#### Exercise description
From the first line to the last, restate the material word for word; pictures stay out.

#### Collected data
+ + + + + + +

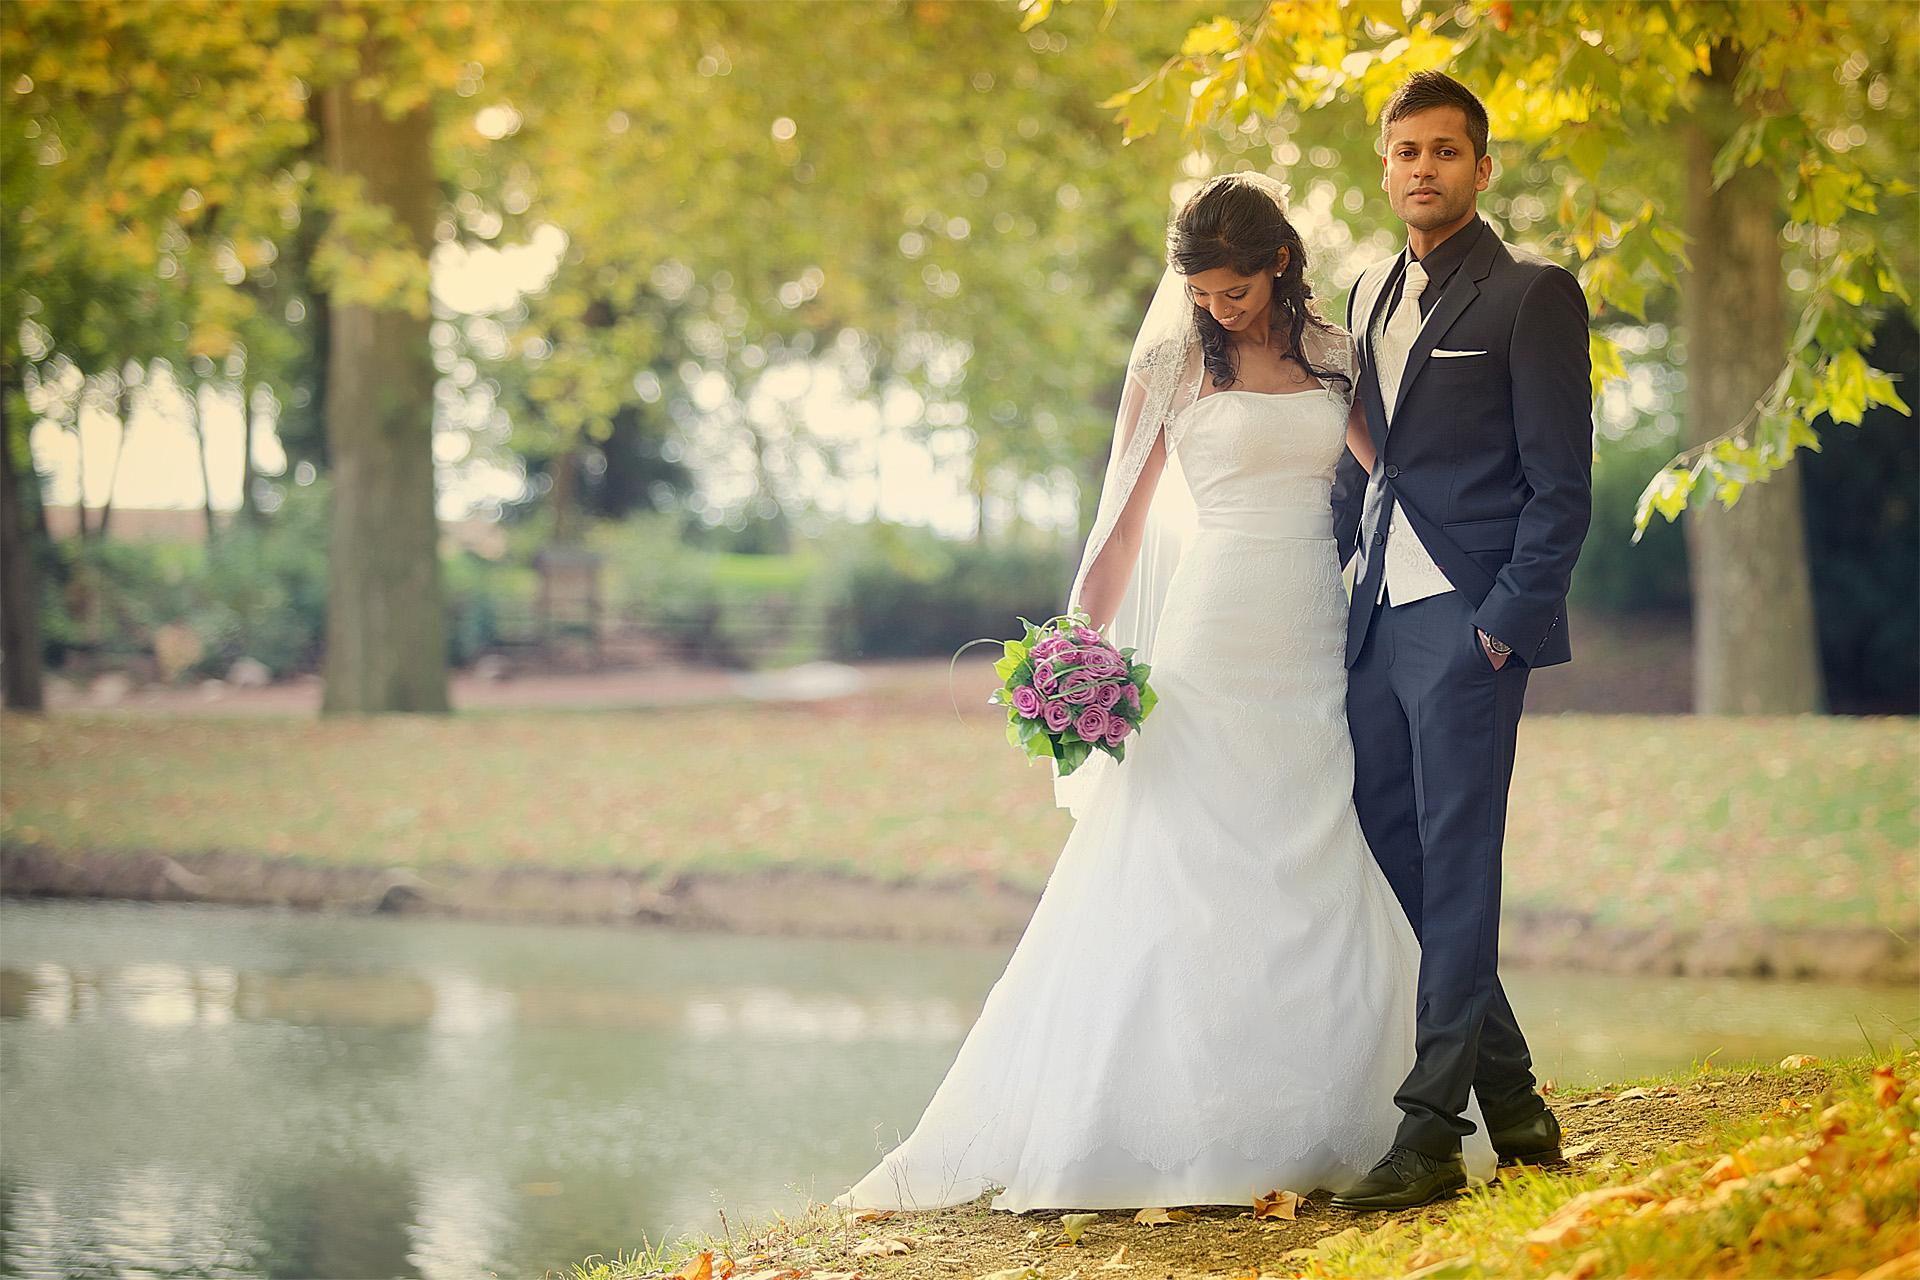 Hochzeitsfilm Hochzeitsvideo Kln Hochzeitsvideograf
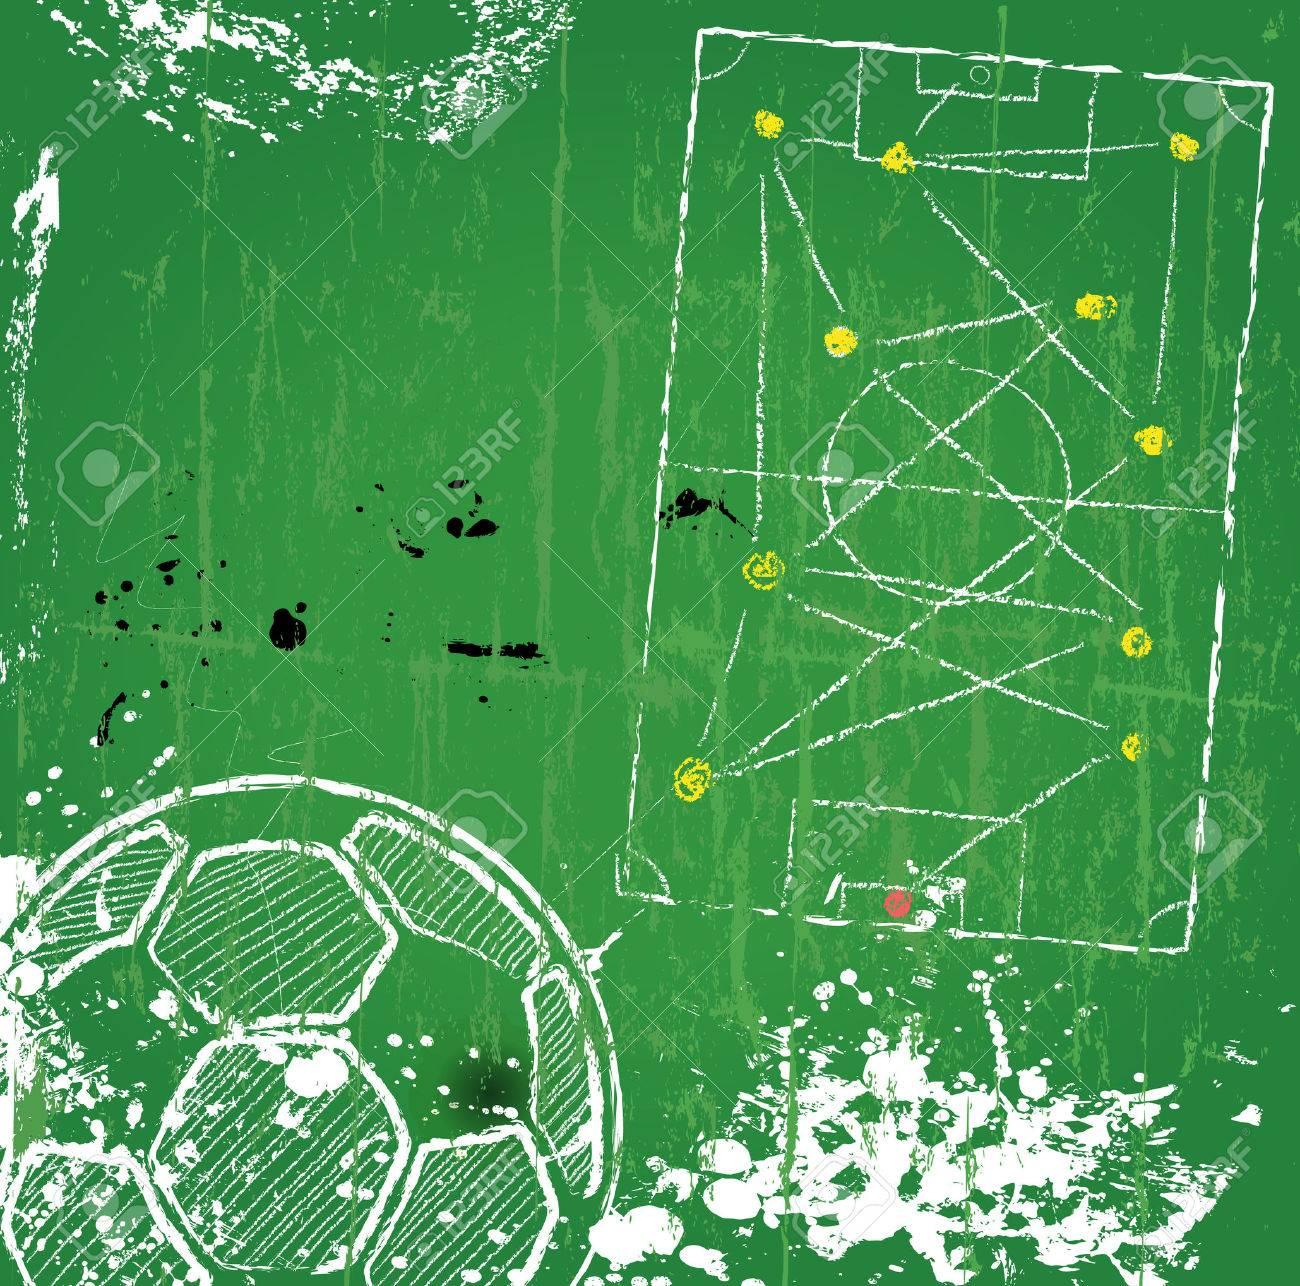 Soccer / Football design template,free copy space, vector - 24960216
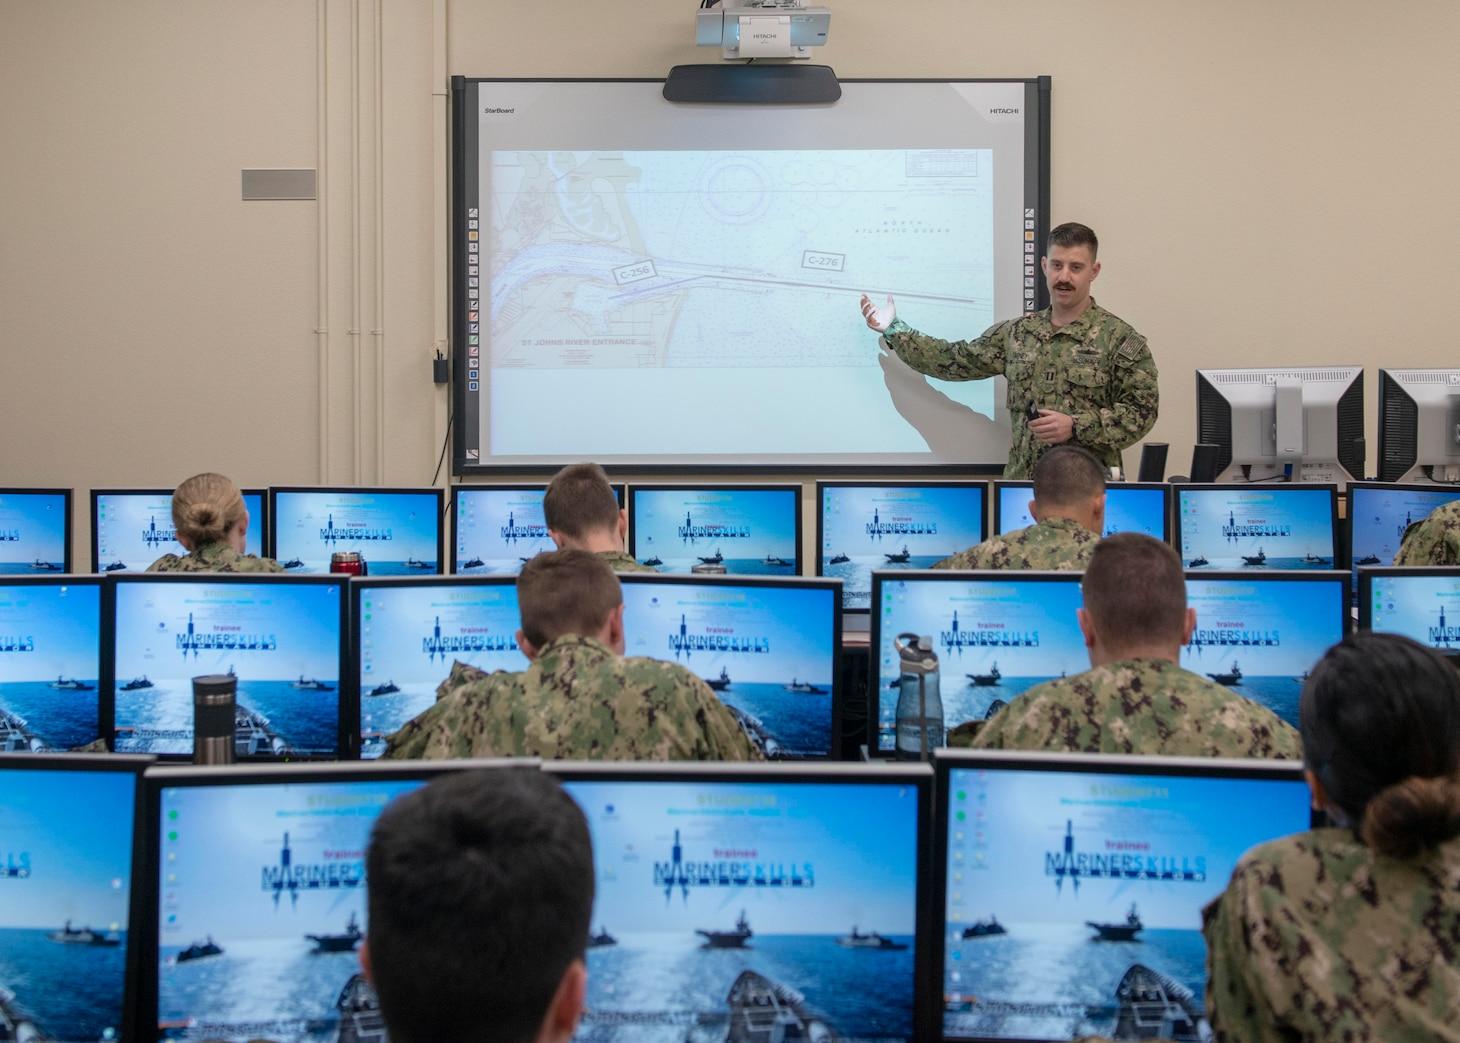 Lt. Erik Farney briefs students
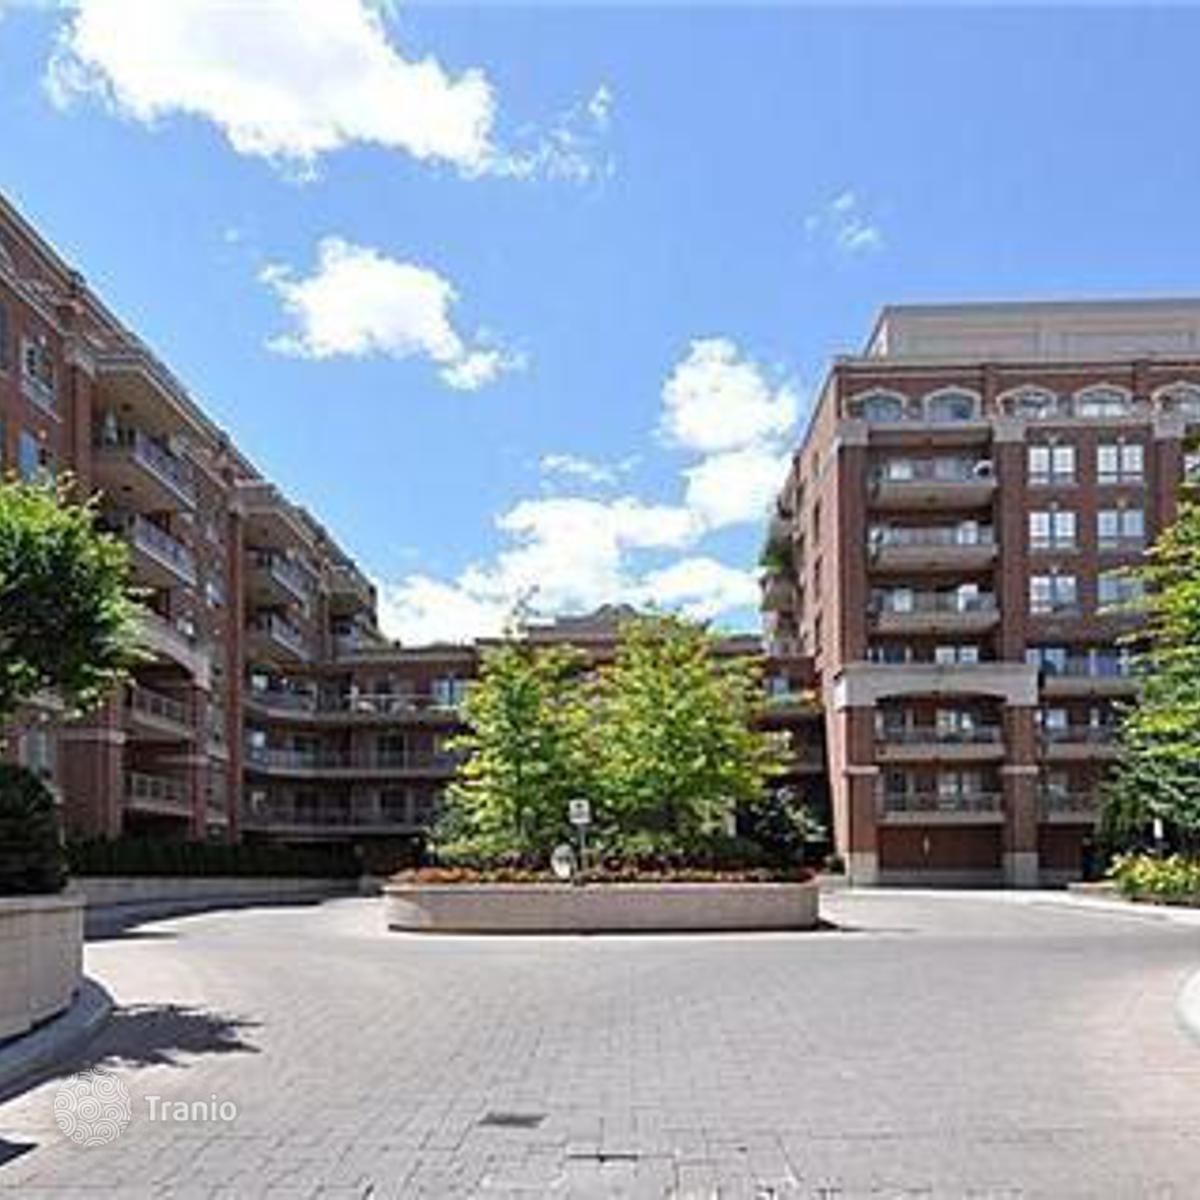 Toronto Apartments: Listing #1339266 In Toronto, Ontario, Canada

+ + + + + + +

#### Written reply
 Hochzeitsfilm Hochzeitsvideo Kln Hochzeitsvideograf
 Soccer / Football design template,free copy space, vector - 24960216
 Lt. Erik Farney briefs students
 Toronto Apartments: Listing #1339266 In Toronto, Ontario, Canada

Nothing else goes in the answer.